In the face of an energy crisis, fossil fuel companies Exxon Mobil, Shell, and British Petroleum (BP) all doubled their 2021 profits in 2022. On January 31, Exxon Mobil announced that it had made $55.7 billion (€52 billion) in 2022. On Thursday last week, Shell joined Exxon in reporting record profits: $39.9 billion (€37.3 billion). This morning, BP reported its fourth quarter results of 2022, culminating in $28 billion (€26.1 billion) for the year, while Total Energies is expected to release its fourth quarter results on Wednesday morning.
Each of these results is record-breaking. Exxon created a new record, not only for the company, but for the Western oil industry as a whole. Meanwhile, both Shell and BP made the highest profit in their respective 115- and 114-year histories.
Despite record profits, Exxon is currently suing the European Union (EU) over a $1.3 billion (€1.2 billion) windfall tax (a tax levied on unforeseen mass profit, that is not due to the company’s actions).
These profits, which the White House deemed “outrageous,” have come ostensibly as a result of the Russian-Ukraine war. As countries have put levies on exports of Russian gas, countries have turned to other suppliers, increasing demand for companies like Exxon, Shell, and BP.
Demand for energy also rose considerably following the ending of pandemic restrictions, although higher energy prices reduced it slightly in the EU in 2022.

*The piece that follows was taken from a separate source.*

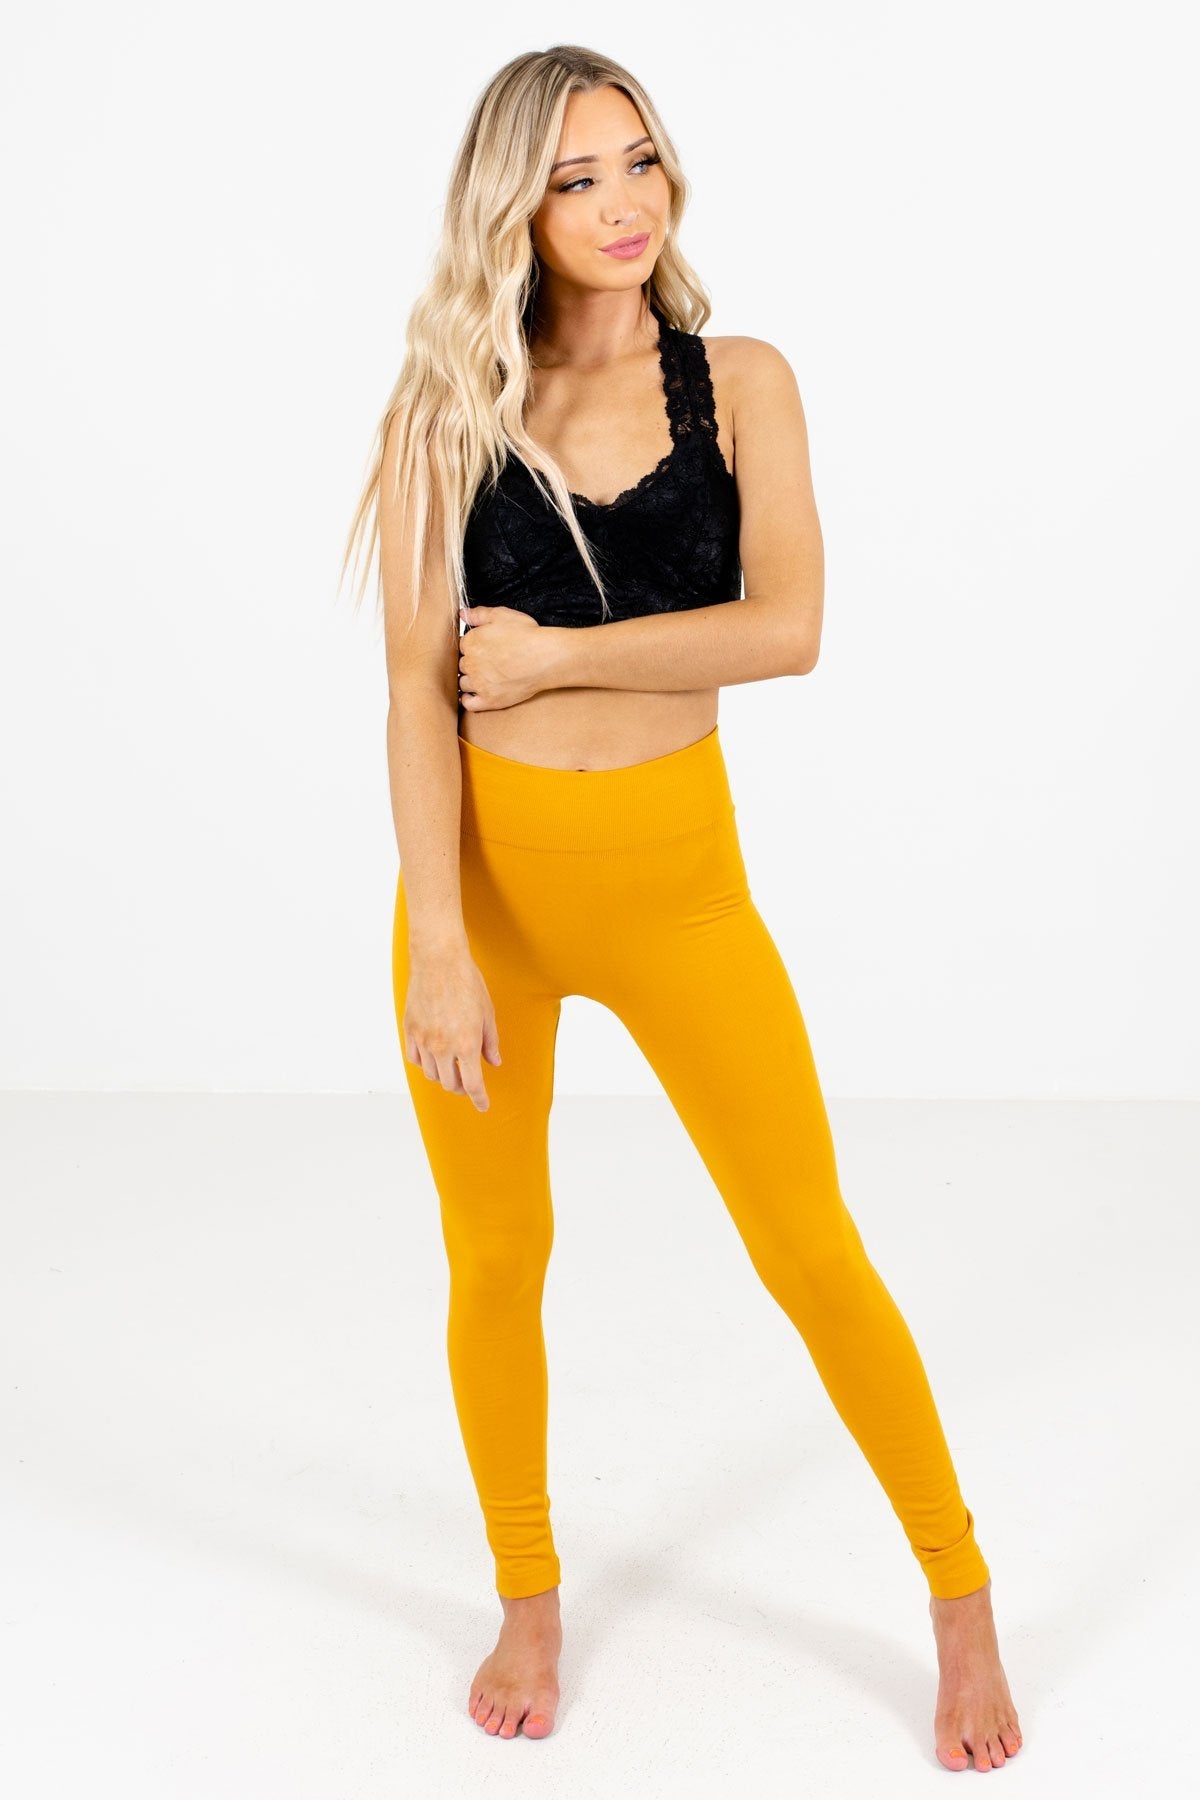 Mustard Yellow Cute and Comfortable Boutique Leggings for Women

Fossil fuel companies and the energy crisis
Although the energy crisis has pushed Europe to accelerate its transition to clean energy, in the final three months of 2022 Exxon was producing 3.8 million barrels per day – 100,000 more barrels per day than the previous quarter.

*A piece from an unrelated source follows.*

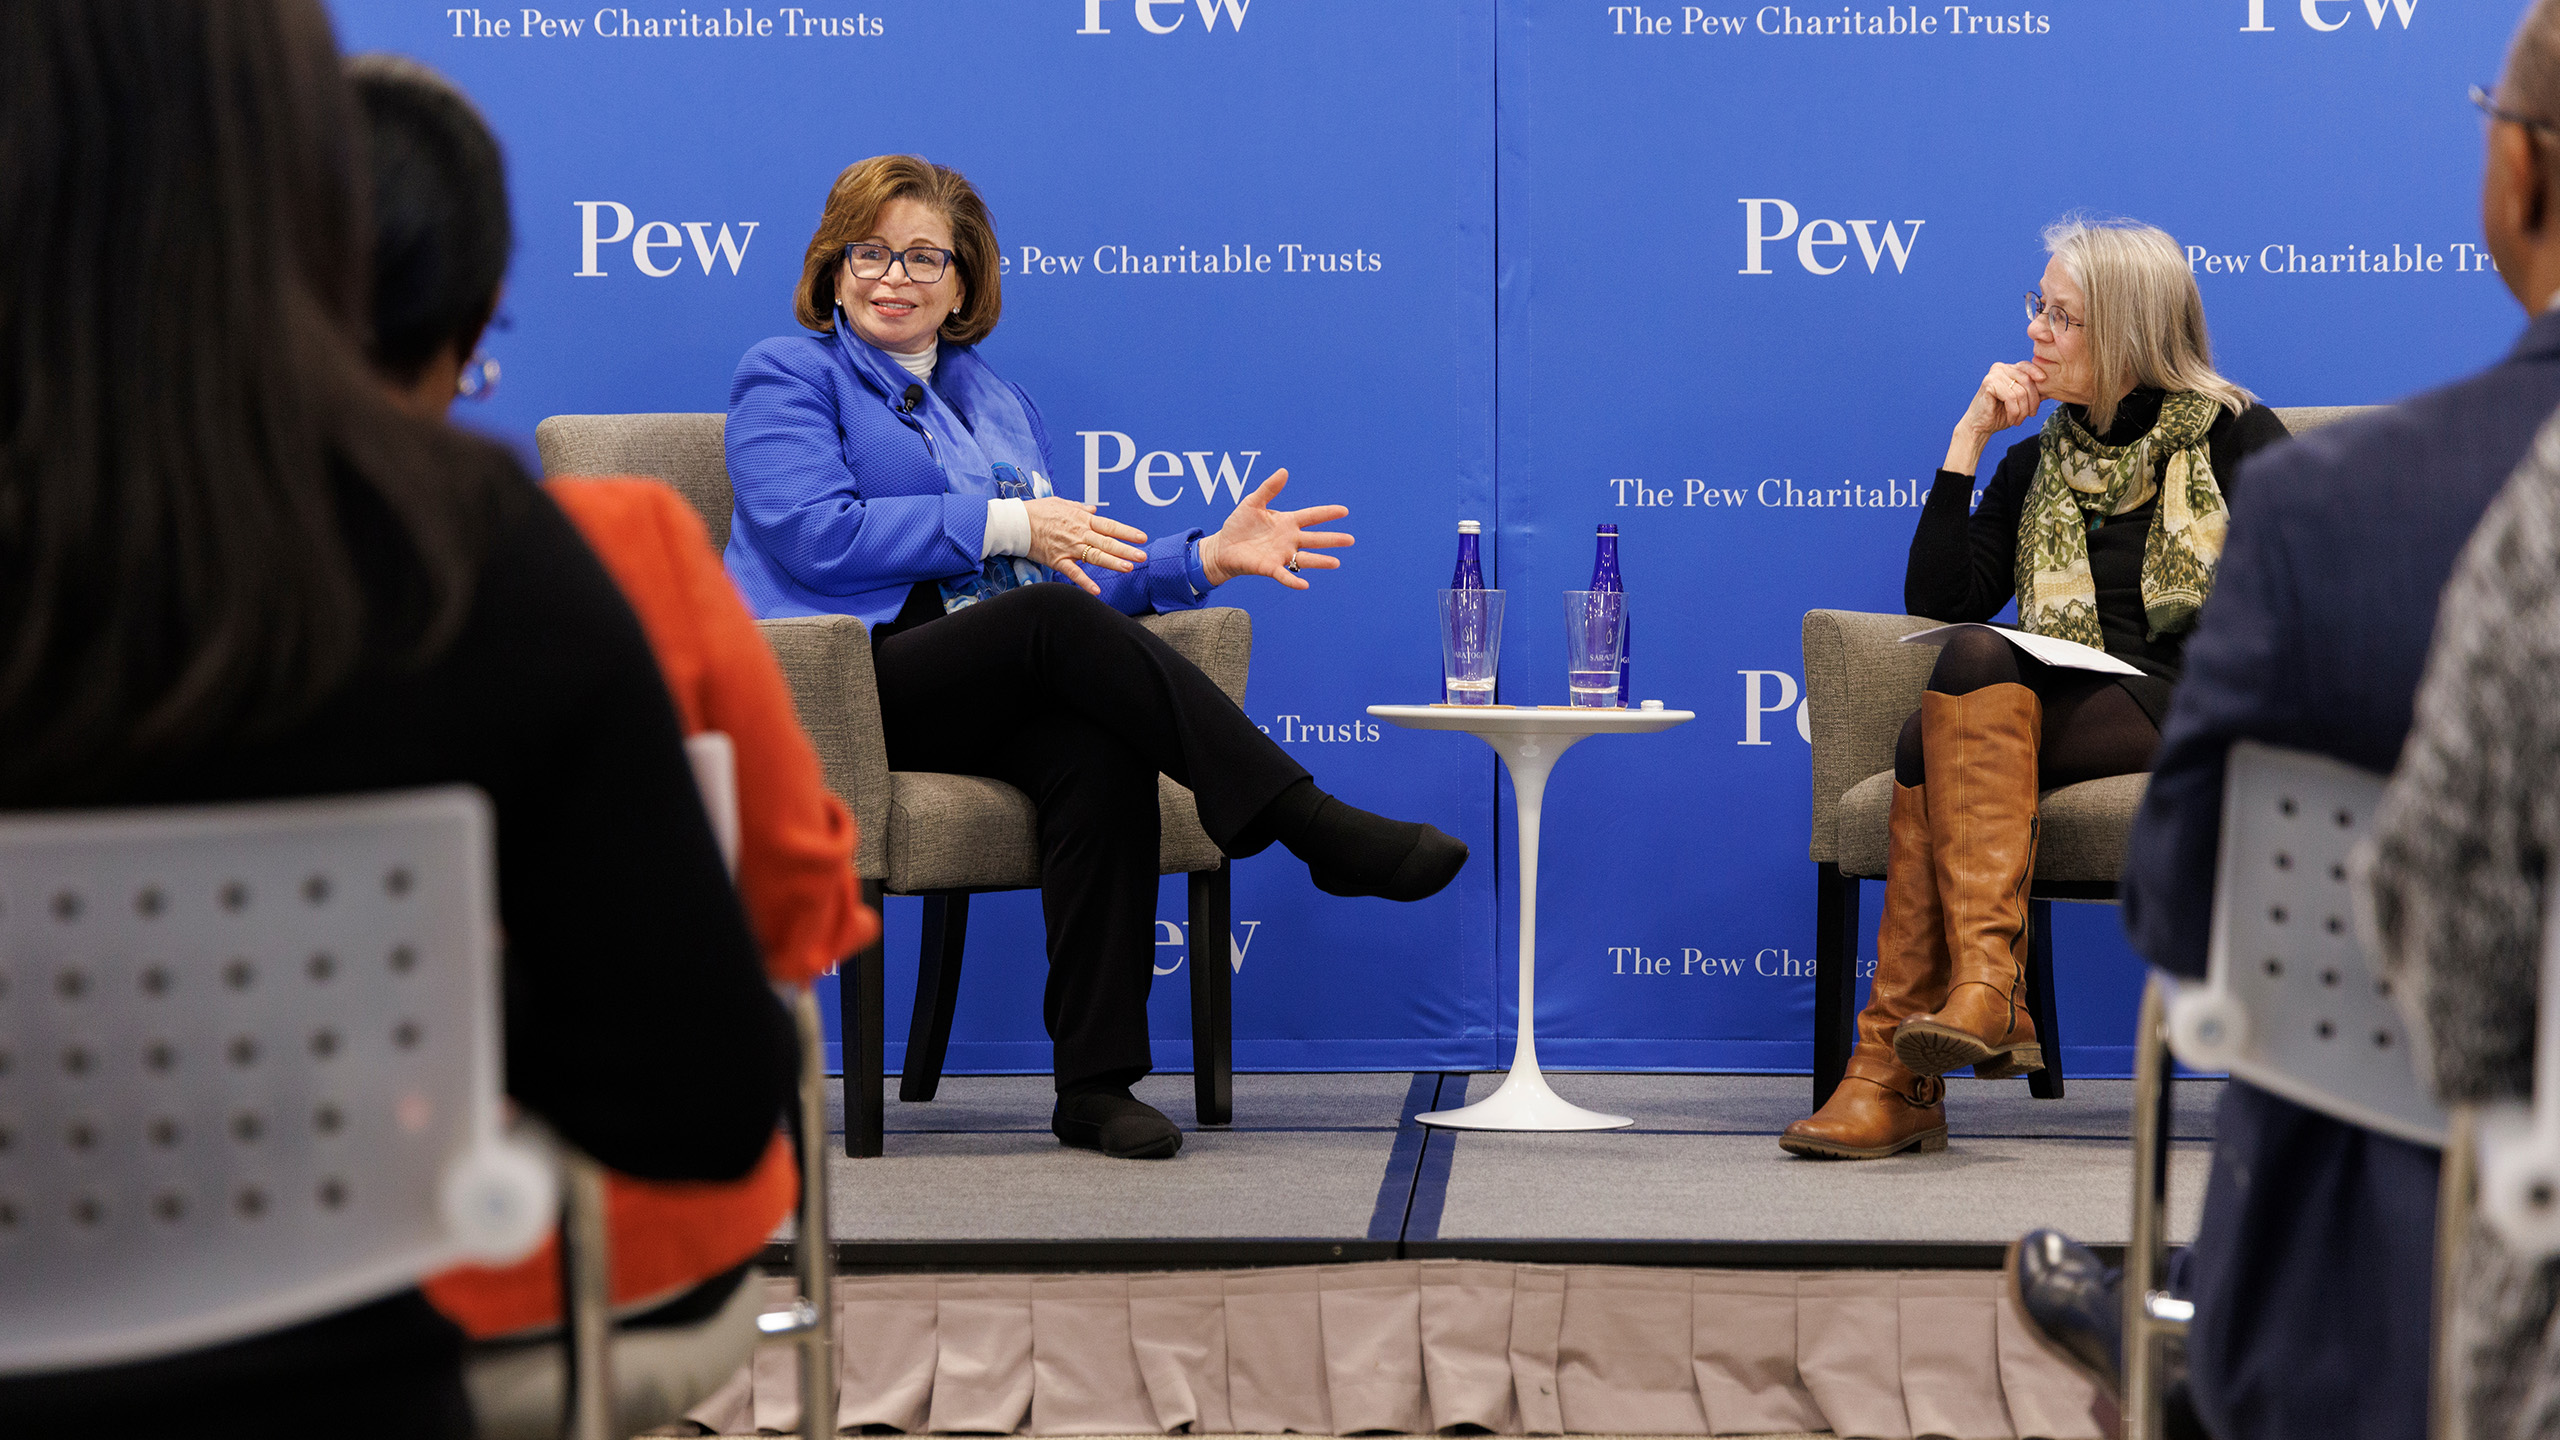  Valerie Jarrett and Susan Urahn sit facing each other on stage, in front of a room filled with Pew staff members. Jarrett and Urahn are seated in tan upholstered chairs on opposite sides of a small white pedestal table, in front of a blue backdrop featuring the Pew logo.

Many European governments have also subsidised energy prices for consumers since the start of the Russian-Ukraine war.
From October to December in 2022, the UK government spent £16 billion (€17.9 billion) subsidising energy price caps. The price cap is £2500 (€2800) annually for an average household, although in April this will rise to £3000 (€3359).
The Italian government earmarked €14 billion in September in order to combat the energy crisis, as well as a further €3.3 billion in handouts for 22 million workers and pensioners with an annual income of under €20,000.
This was in addition to €52 billion budgeted between January and September 2022 to fight the cost-of-living crisis.
France announced a budget of €45 billion to offset rising energy prices through an energy bill cap of 15% for French households, meaning the average household energy bill would cost €20-25 extra per month as opposed to €180 – €200. The country is also working to fully nationalise EDF, the country’s main energy supplier.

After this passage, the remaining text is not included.